The main strength of this study is its longitudinal design which features prospective ascertainment of NSAID use and other covariate information obtained at a median of 17 weeks of gestation. However, as MoBa has a relatively low participation rate (43.5%), selection bias may have occurred. A recent non-response study showed that the prevalence estimates of several exposures and birth outcomes are biased in MoBa, but that estimates of exposure-outcome associations are not biased due to self-selection
[12]. Similar results were obtained from a comparable cohort study conducted in Denmark
[34]. In addition, the sensitivity analyses showed that selective participation on either exposure or disease status of the infant did not influence our effect estimates. The only scenario in the sensitivity analyses that affected our NSAID-birth defect risk estimates was when one of the four exposure-outcome groups was more likely to participate than the other three groups, but this is highly unlikely in a prospective cohort study. Therefore, we feel that our results on the associations between prenatal NSAID exposure and selected birth defects are not biased by the low participation rate.

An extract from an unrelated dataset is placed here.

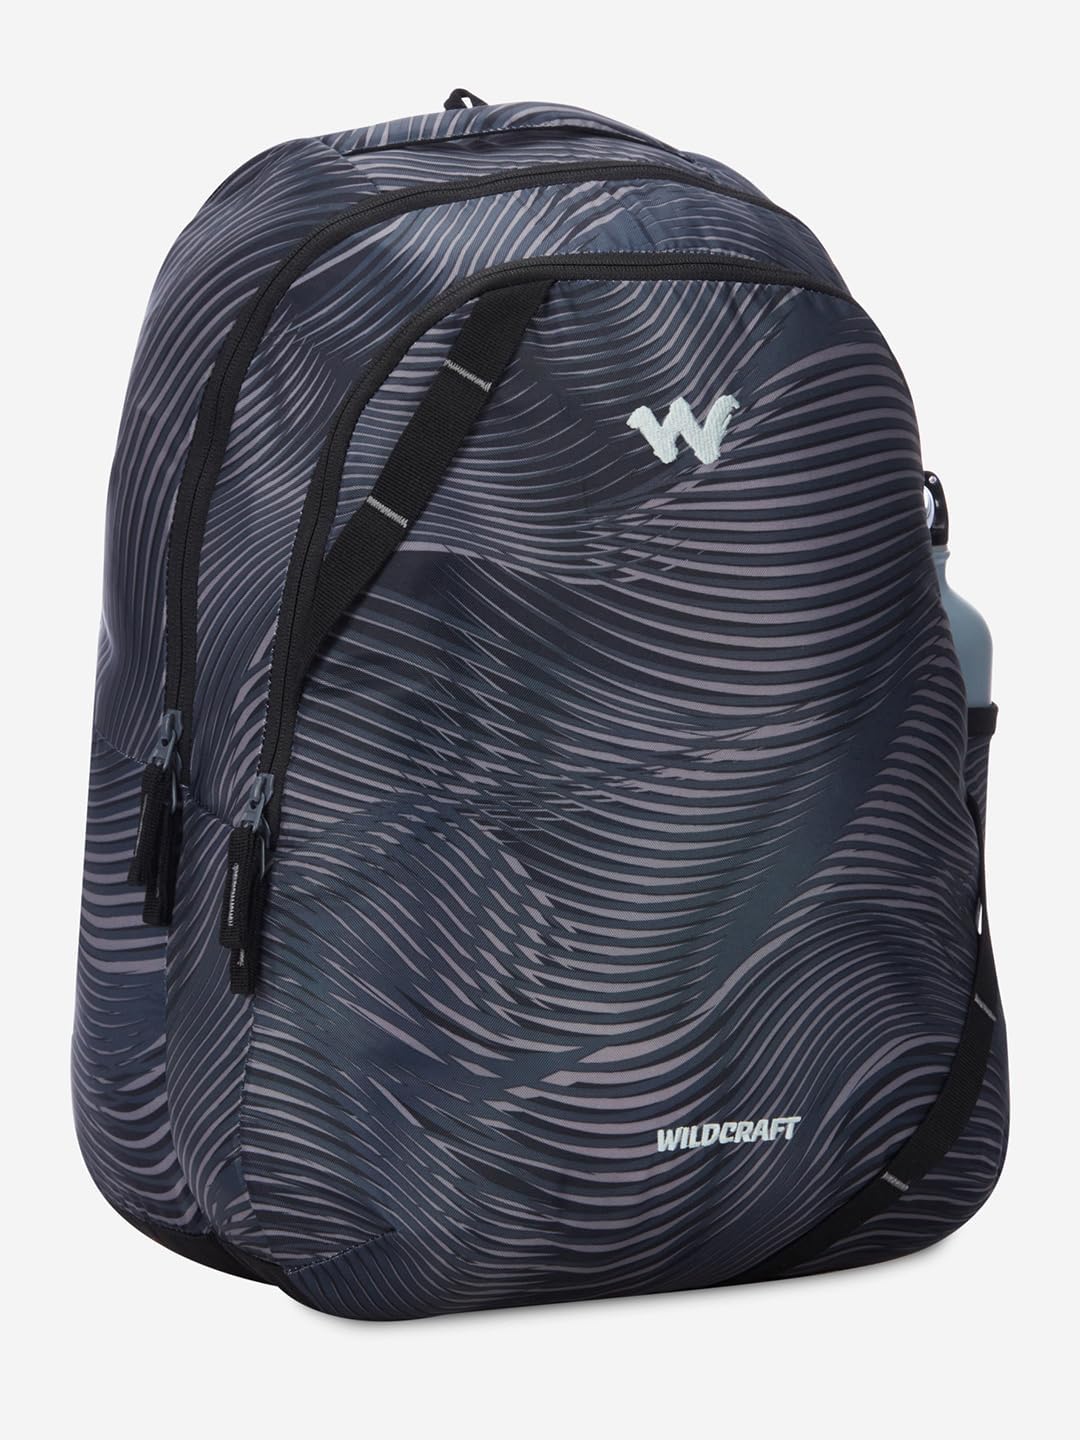 Wildcraft Large Backpack Bravo RC Contour Black 35 L |  Bags & Sleeves |  Halabh.com

Non-differential misclassification of the exposure status may have occurred since data on NSAID use were collected using self-administered questionnaires. In addition, there might be a chance that the lack of an increased risk of the selected birth defects in NSAID-exposed infants is due to the inability to separate occasional users from the more frequent or continuous users. Confounding by indication cannot be excluded completely either, although restricting our analyses to women without pre-existing diseases did not change the results of the primary analyses, in which fever in the first 12 weeks of gestation was also included as a potential confounder.
Several validation studies have been conducted regarding the accuracy of the MBRN, which showed that the ascertainment of congenital malformations varies according to the type of defect and its severity. For the years 2001–2005, 82% of clinically verified cases of Down syndrome were recorded in the registry
[35]. Overall, 71% of cases with severe isolated cleft palate were reported, whereas as little as 11% of cases with mild cleft palate were recorded
[36]. The registration of cardiovascular malformations in the MBRN has not been validated nor confirmed by a geneticist or dysmorphologist. Therefore, misclassification of the outcomes of interest may have occurred in the current study, but we do not expect the ascertainment rates to differ between infants who were exposed to NSAIDs in pregnancy and non-exposed infants. However, this may have decreased our study power and may have led to underestimation of our effect estimates, although the total prevalence of major birth defects in our cohort (2.7%) is comparable to the expected prevalence of 3% in most populations.
Conclusions
The findings of this large prospective cohort study showed no associations between exposure to NSAIDs during the first part of pregnancy and the risk of selected birth defects, although an increased odds ratio was seen for septal defects after exposure the multiple NSAIDs. This observation, based on only two exposed cases, was not statistically significant and needs confirmation by other studies. However, due to the small numbers of NSAID-exposed infants for the individual birth defect categories, increases in the risks of specific birth defects could not be excluded.